Effect of the Drake Passage Throughflow on Global Climate
Article
The role of the Southern Ocean in global climate is examined using three simulations with a coupled model employing geometries different only at the location of Drake Passage (DP). The results of three main experiments are examined: 1) a simulation with DP closed, 2) an experiment with DP at a shallow (690 m) depth, and 3) a realistic DP experiment. The climate with DP closed is characterized by warmer Southern Hemisphere surface air temperature (SAT), little Antarctic ice, and no North Atlantic Deep Water (NADW) overturn. On opening the DP to a shallow depth of 690 m there is an increase in Antarctic sea ice and a cooling of the Southern Hemisphere but still no North Atlantic overturn. On fully opening the DP, the climate is mostly similar in the Southern Hemisphere to DP at 690 m, but the model now simulates NADW formation and a warming in the Northern Hemisphere.
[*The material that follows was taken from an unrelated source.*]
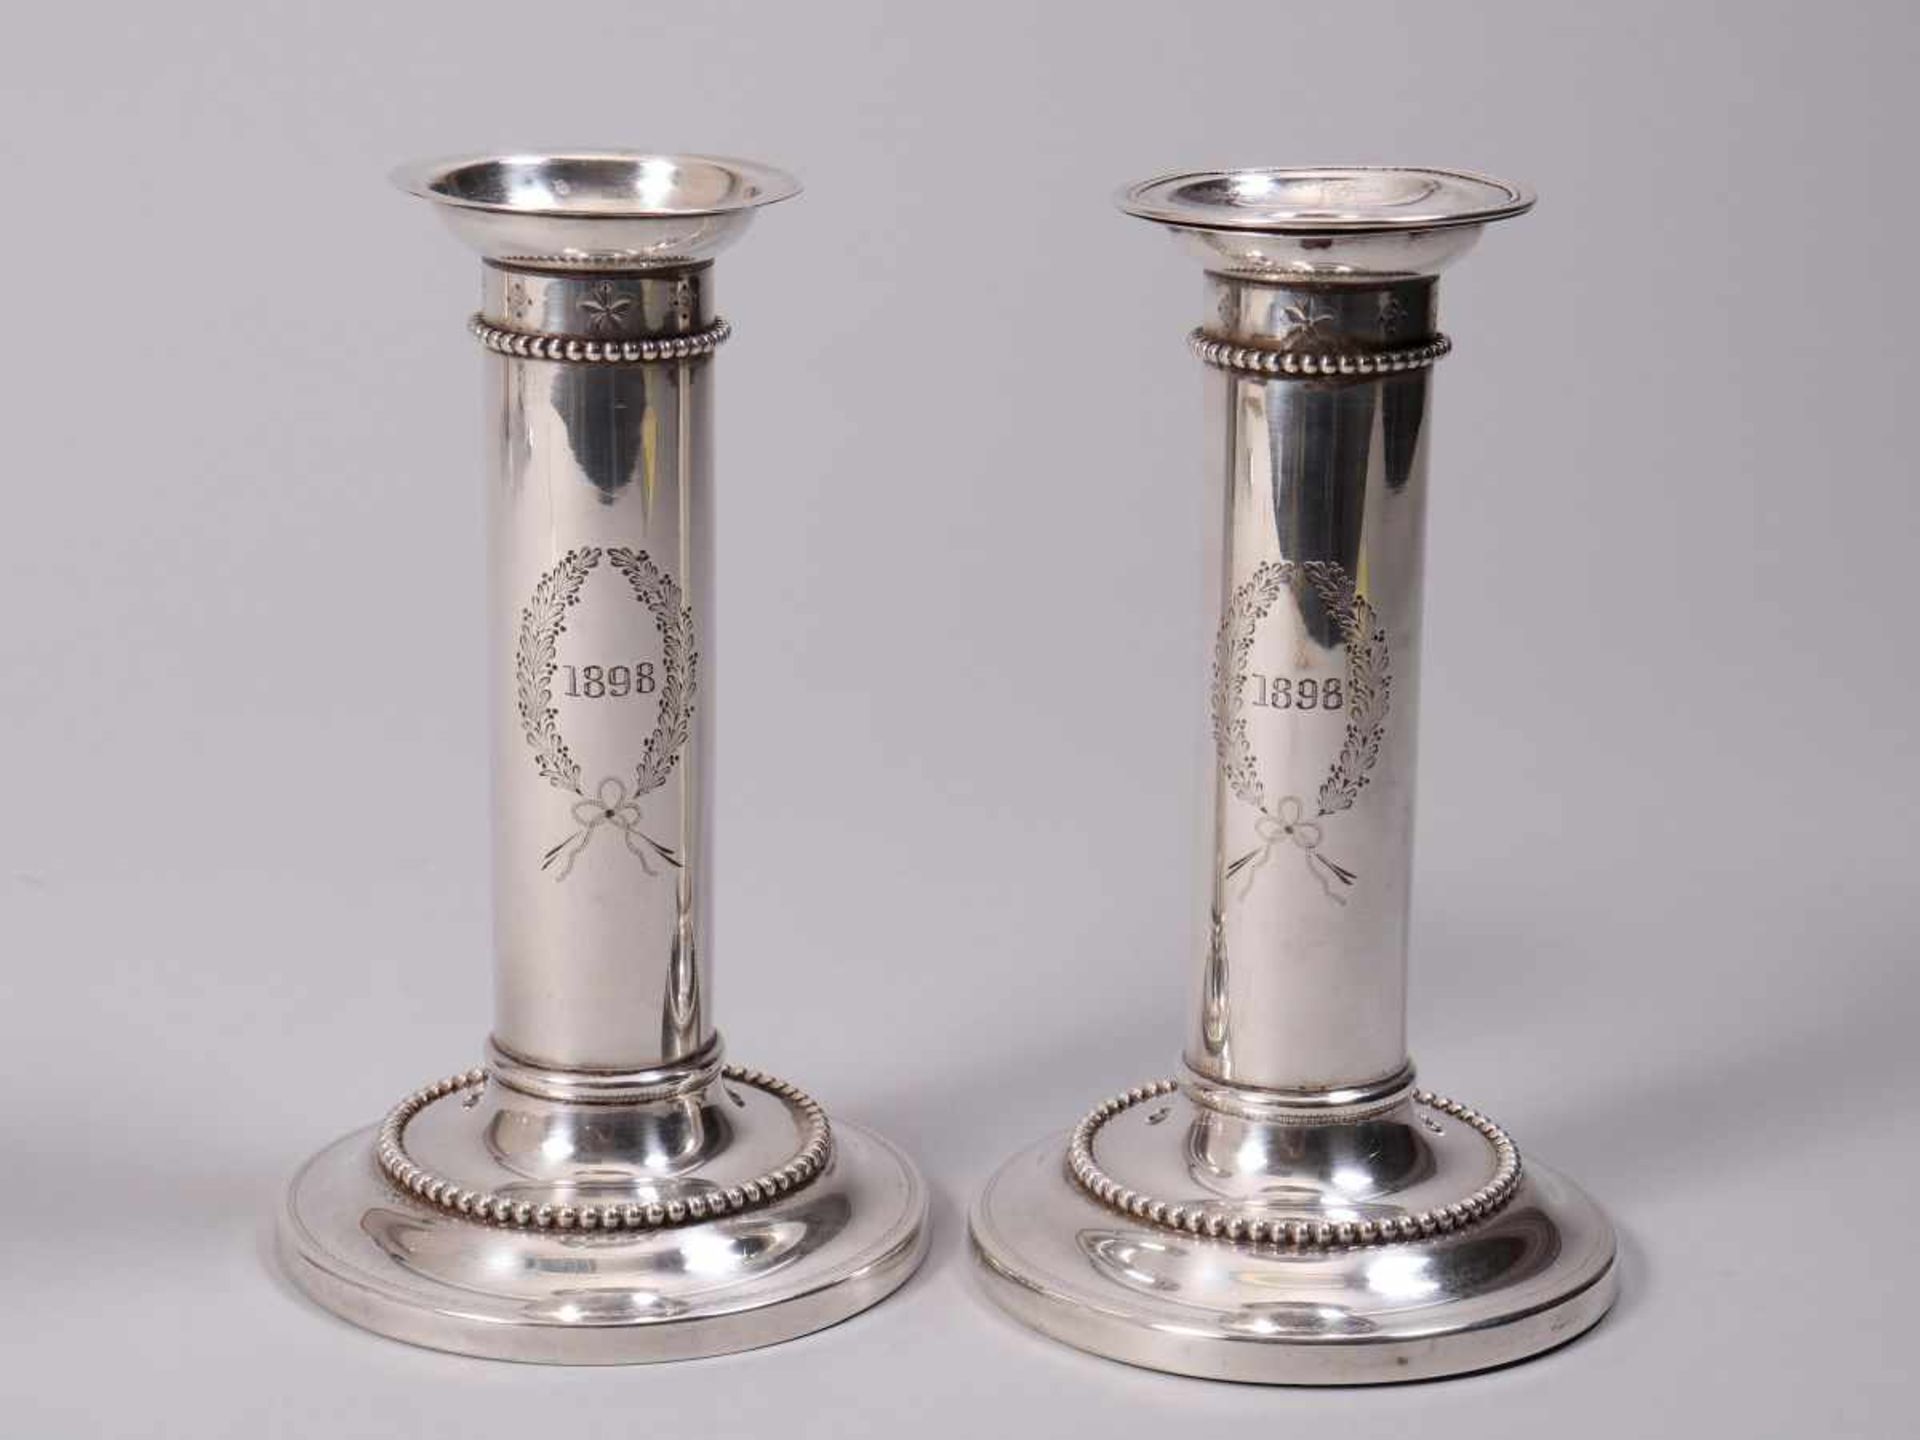 Paar Tafelleuchter925er Silber, Goodnow & Jenks, Boston, um 1889, auf Rundfuß, zylindrischer - Image 2 of 4

This suggests the North Atlantic thermohaline circulation depends not only on the existence of a DP throughflow, but also on the depth of the sills in the Southern Ocean. The closed DP experiment exhibits a large amount of deep-water formation [57 Sv (Sv 10 6 m 3 s 1)] in the Southern Hemisphere; this reduces to 39 Sv for the shallow DP case and 14 Sv when DP is at 2316 m, its modern-day depth. NADW formation is shut down in both DP closed and shallow experiments, which accounts for the warming in the Northern Hemisphere observed when the DP is opened. SAT differences between the DP open and closed climate are seasonal. The largest SAT changes occur during winter in areas of large sea ice change. However, summer conditions are still significantly warmer when DP is closed (regionally up to 4C). Summer SAT is the most important factor determining whether an Antarctic ice sheet can build up. Therefore our study does not exclude the possibility that changes in ocean gateways may have contributed to the glaciation of Antarctica. Overall, these experimental results support paleoclimatic evidence of rapid cooling of the Southern Ocean region soon after the isolation of Antarctica.